Posté par Jean-Luc DOTHEE le 20 décembre 2015

En bien des points, l’année 2015 a marqué notre Histoire et on ne peut pas dire que la pente que nous suivons soit globalement réjouissante.

Prononcer des vœux, c’est se souhaiter un « demain » sympa. Cette projection vers ce « demain » me semble paradoxalement plus inconfortable que jamais (politique, géopolitique, peur à tous les étages…) et pourtant vitale à notre situation de bipèdes terriens (cf COP21…). 

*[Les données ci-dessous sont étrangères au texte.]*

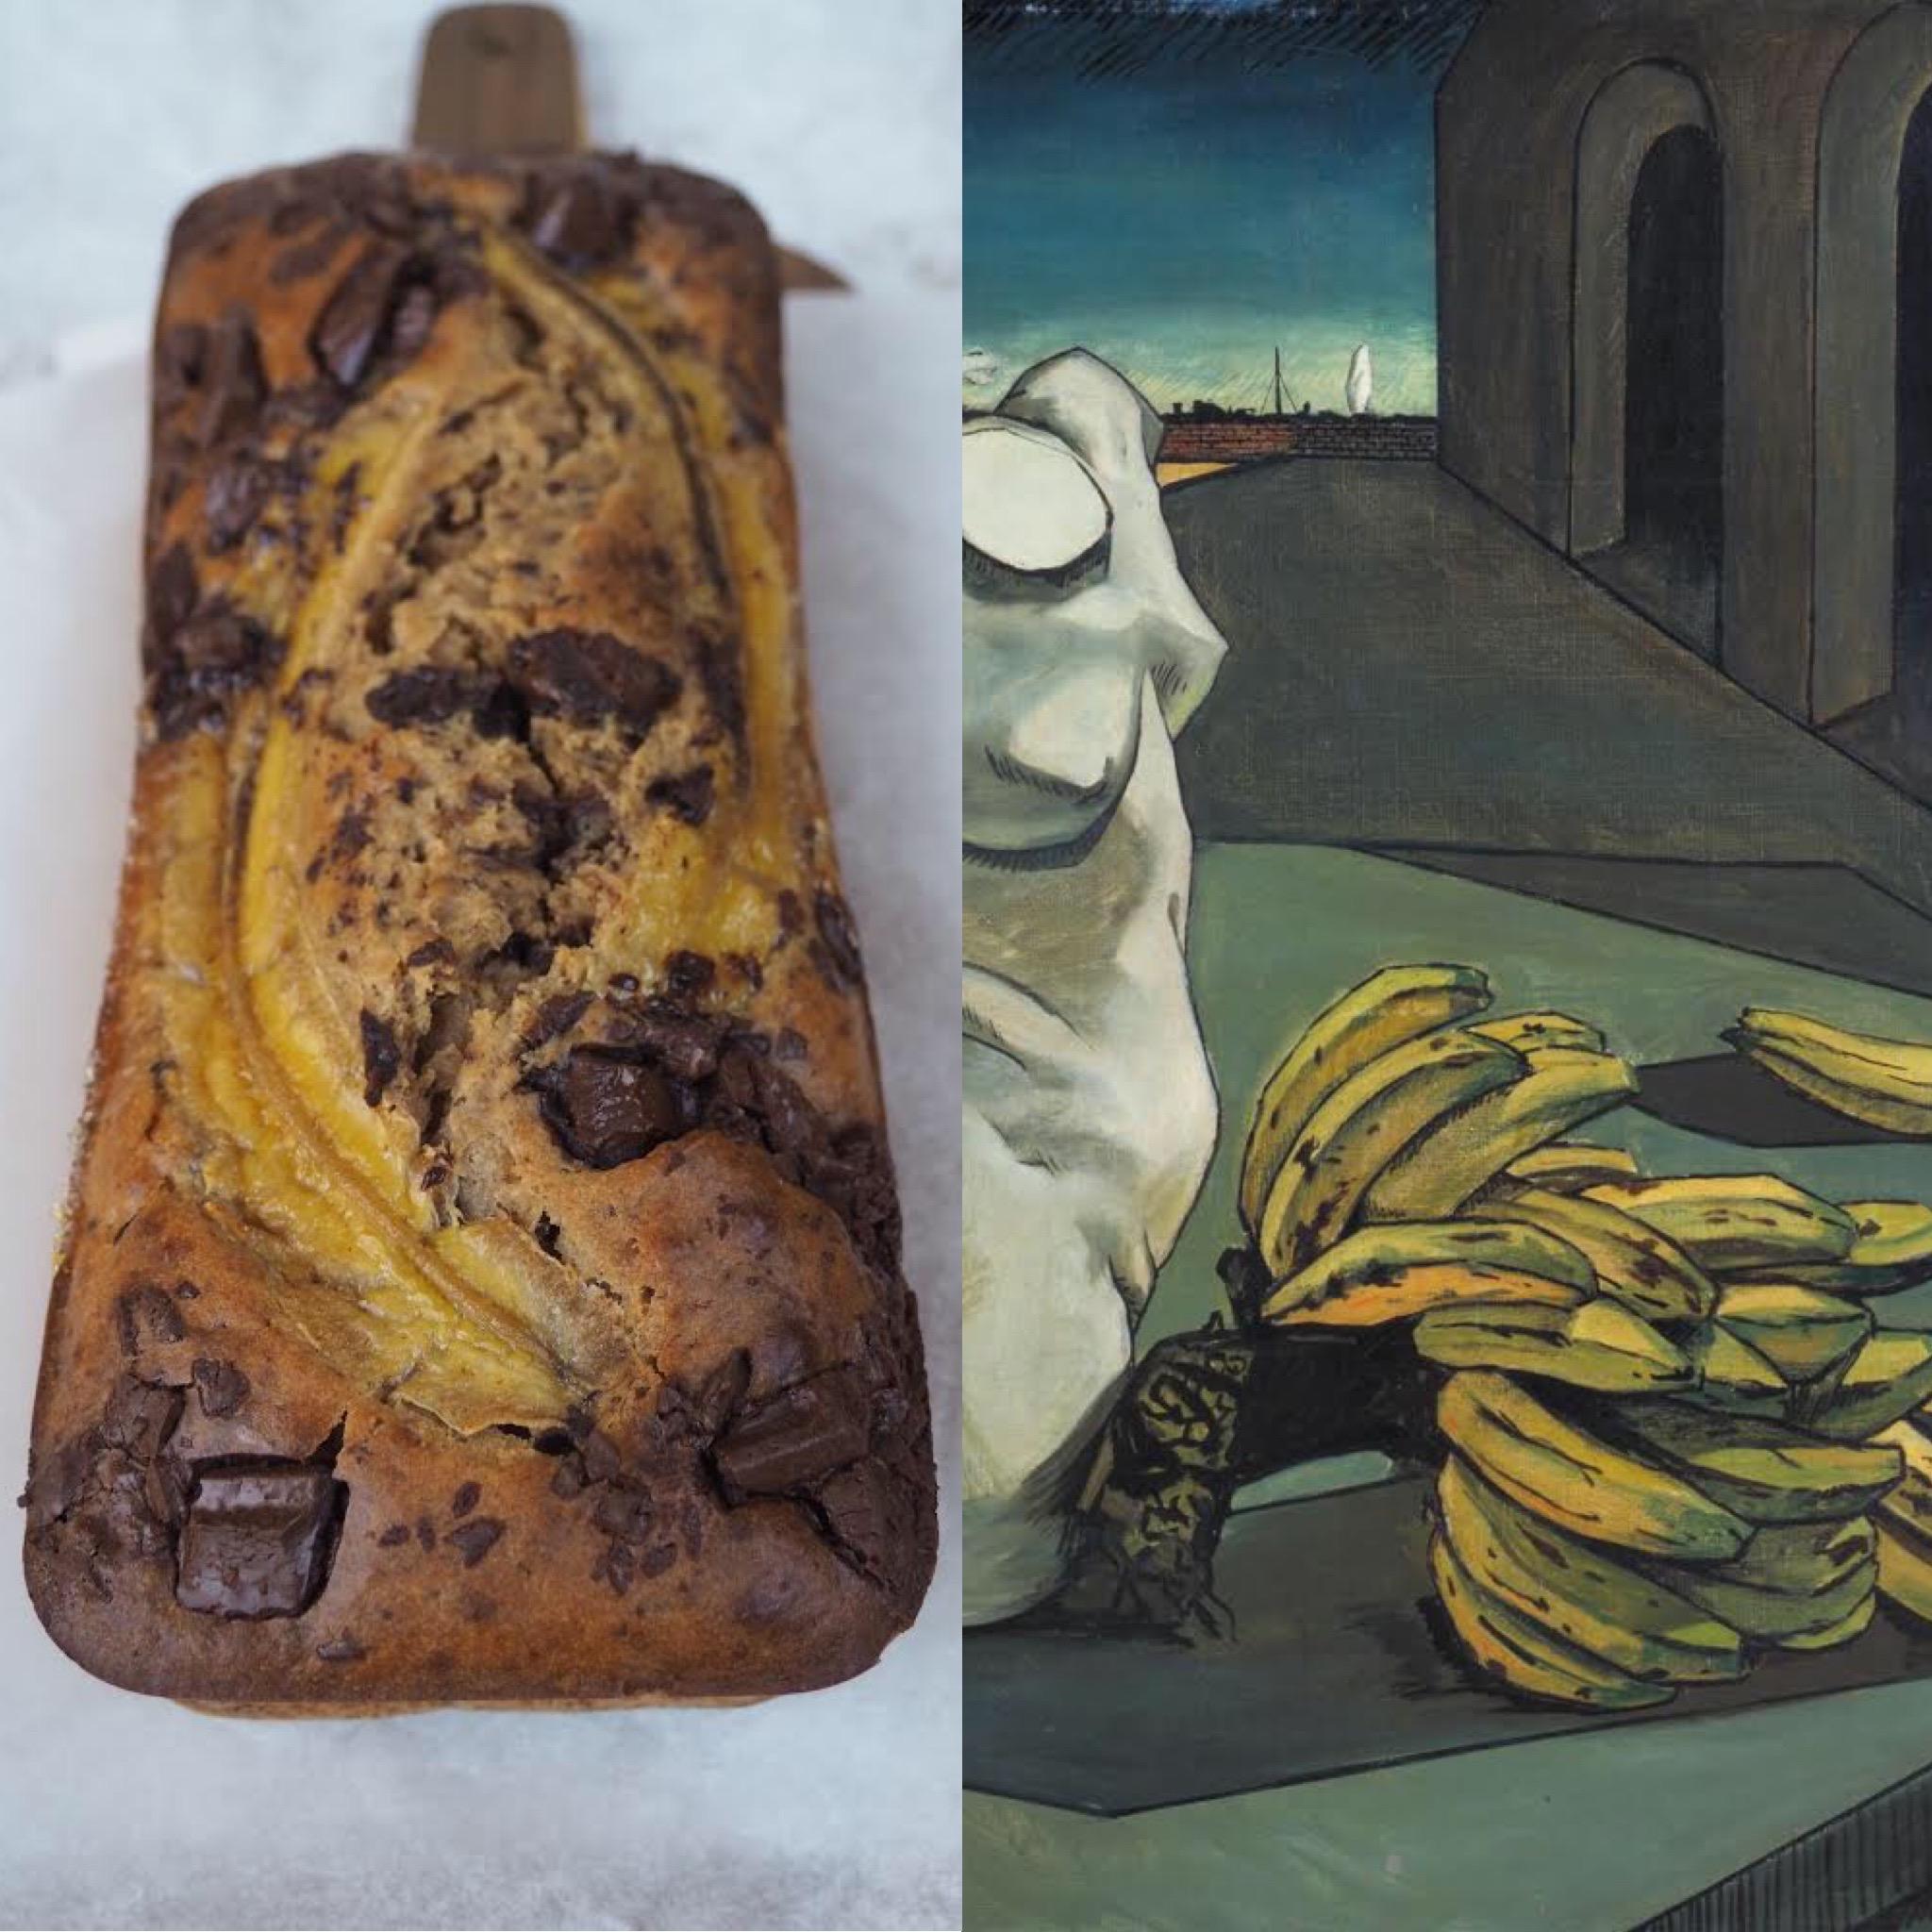 La incertesa del  poeta, de Chirico i el banana bread (CAT)

L’exercice, d’habitude agréable, de rédaction des vœux me pèse donc un peu cette année. De plus, en toute modestie, je trouve que mes vœux 2013, 2014, 2015 étaient particulièrement inspirés (je n’ai pas dis « bons » mais « inspirés »), alors que ces jours-ci rien, ou pas grand chose ne vient…

Ma paresse naturelle me pousse donc à reconduire les vœux 2015 avec une mise à jour, façon Windows. C’est vrai quoi, pourquoi m’user le neurone à produire de la projection positive si personne ne prend en compte mon travail ?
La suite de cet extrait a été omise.